In K-12 you deal with students who may not choose to go to college. How do you meet their needs vs. those who are on a college trajectory.
From a teaching perspective, there is a much bigger burden of classroom management in K-12 than in college. There is a lot more scrutiny of K-12 teaching than college. There is generally less pay to teach K-12 than college. To think that college level teaching experience uniquely qualifies one to understand K-12 issues is excessive arrogance.
Mr.Toad: [i]If that were true how come so many extra fees have passed with more than 2/3 in Davis? [/i]
Notice, [i]sir[/i], that I wrote “Around 1/3.” Measure A passed in 2011 with 67.2% of the vote. Measure C passed in 2012 with 72.3% of the vote. However [i]you[/i] want to parse it, there is a sizable anti-tax group alive and well in Davis, and they may very well throw their support behind Granda.
WDF1: [i]To think that college level teaching experience uniquely qualifies one to understand K-12 issues is excessive arrogance.[/i]

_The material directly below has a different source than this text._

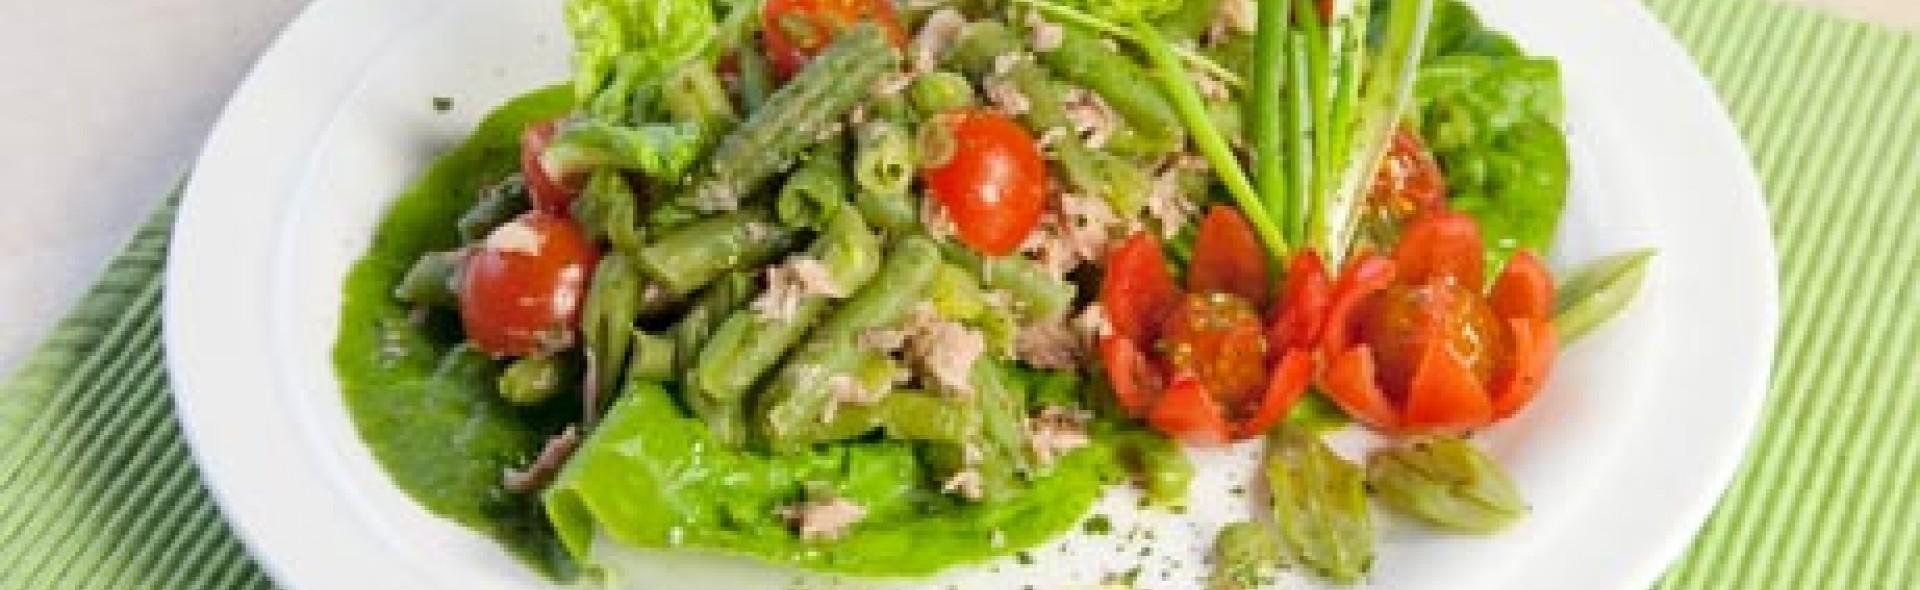 tomaten bohnen salat love my salad. Black Bedroom Furniture Sets. Home Design Ideas

You seem defensive. I looked back over my posting and nowhere did I say “uniquely qualifies.” I did say it’s debatable, which you have now confirmed. I did say that a college educator probably has a broader perspective on educating all students because they see the [i]products[/i] of K-12 education, and if that is “excessive arrogance” then so be it. The variety of students that one sees in a junior college, for example, is enormous, and because all Californians can go to junior colleges that kind of higher-level perspective should be considered an [i]asset[/i] (certainly not a detriment, and your comments suggest you see this as either/or). Your points about “In K-12” are well taken, but they seem to be describing K-12 teachers, and that’s not the same as someone on a school board. I haven’t gone over everyone’s biography, but I don’t remember any of the top three fundraisers in this race being K-12 teachers. So I think your points would be more germane if some or all of them were (that would make them vastly more qualified), because no one is questioning the enormity of the contributions that public school teachers make.
Shane: [i] I did say that a college educator probably has a broader perspective on educating all students because they see the products of K-12 education,[/i]
Not all the products, only the ones that happen to come their way.
If I seem defensive, it is probably because I have engaged in a lot of on site K-12 volunteer work for the past few years, and I see where many of my previous assumptions (which seem to resemble yours) have changed. I also think volunteer work has been undervalued by many as worthwhile experience in a school board candidate. On this point I do appreciate Sherman’s value as a candidate, though I’m not convinced she has a grasp on the issues that get discussed in school board meetings.